Task –
Give an unaltered copy of the listing below, minus its pictures.

Available data –
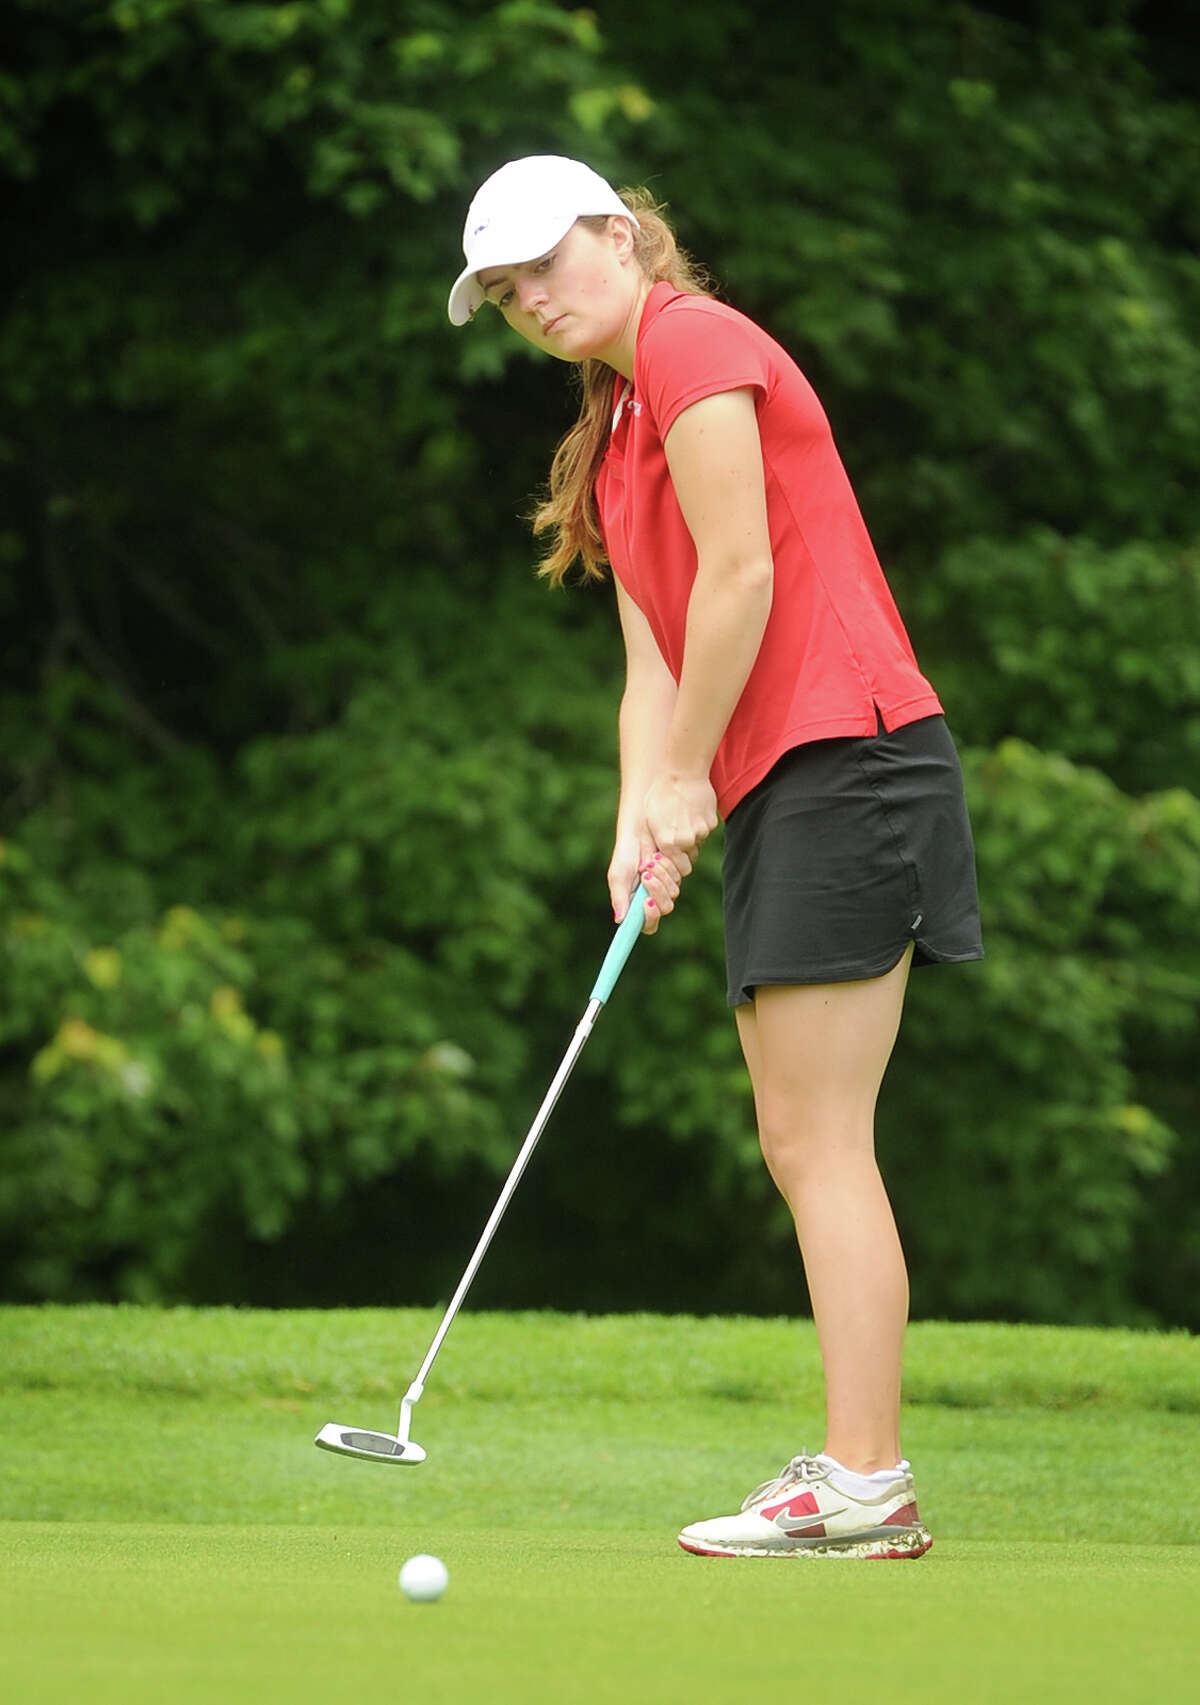 Greenwich's Catherine McEvoy knocks in a birdie putt on the 7th hole of the Girls Golf State Championship at Orange Hills Country Club in Orange, CT on Tuesday, June 9, 2015.
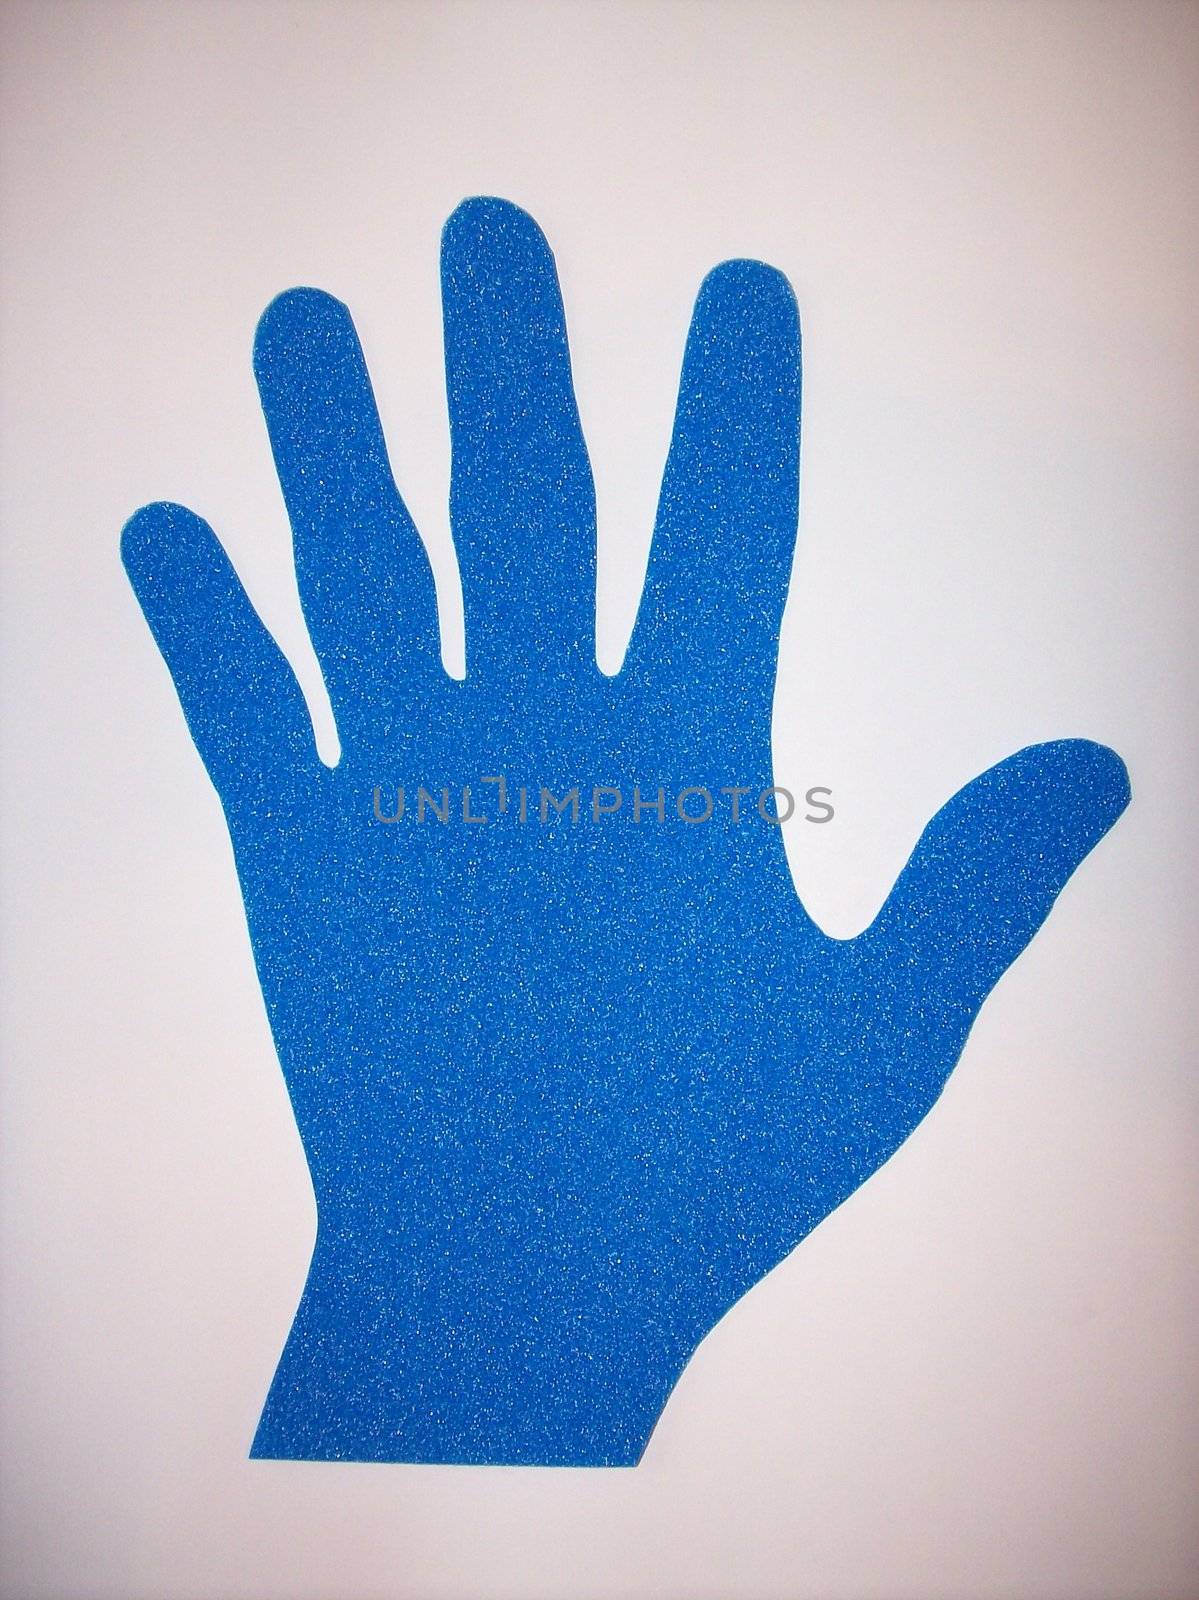 Illustration of a blue hand made of foam
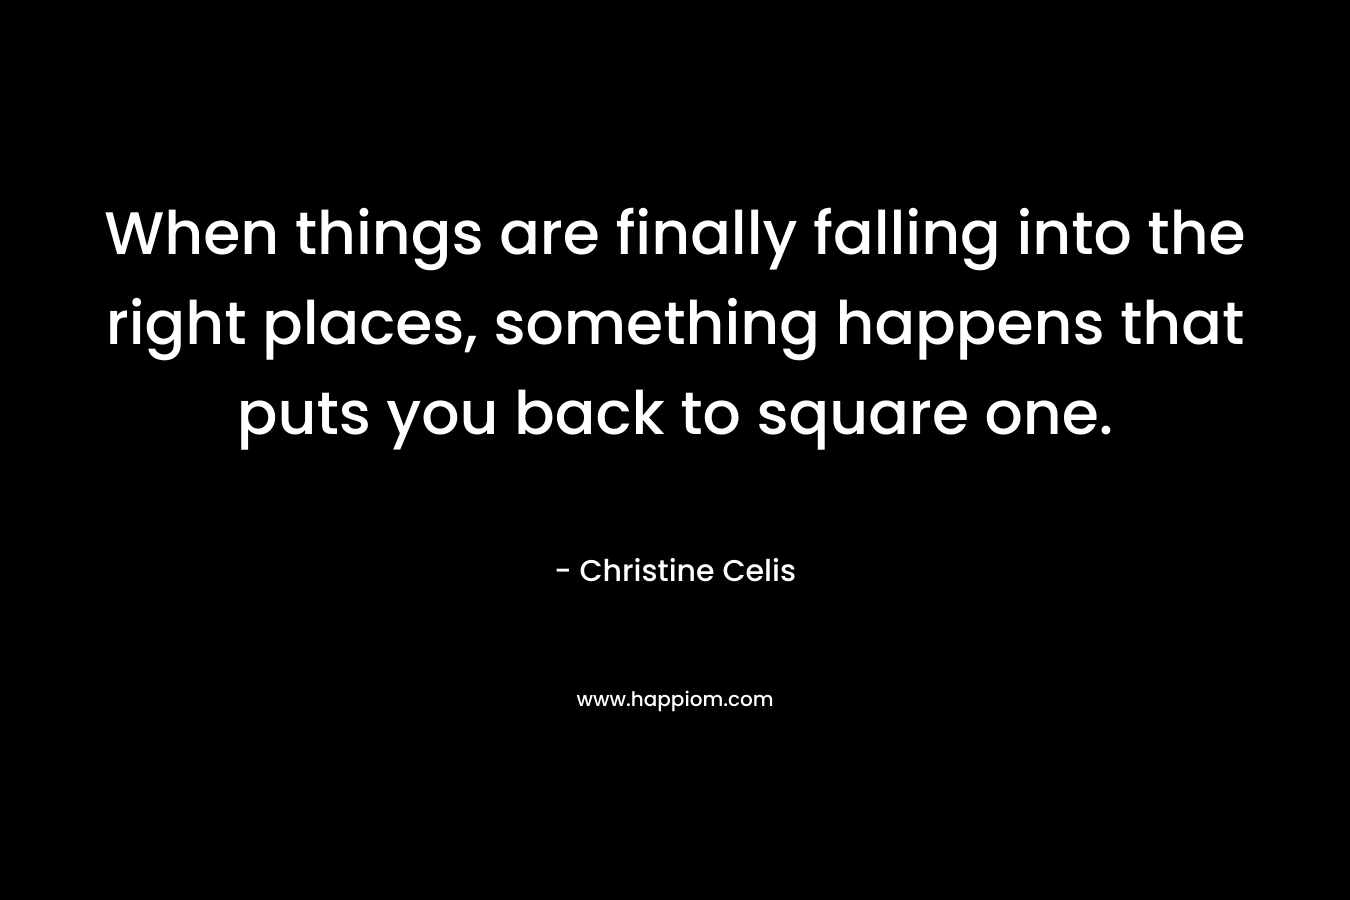 When things are finally falling into the right places, something happens that puts you back to square one.

Written solution –
 Greenwich's Catherine McEvoy knocks in a birdie putt on the 7th hole of the Girls Golf State Championship at Orange Hills Country Club in Orange, CT on Tuesday, June 9, 2015.
 Illustration of a blue hand made of foam
 When things are finally falling into the right places, something happens that puts you back to square one.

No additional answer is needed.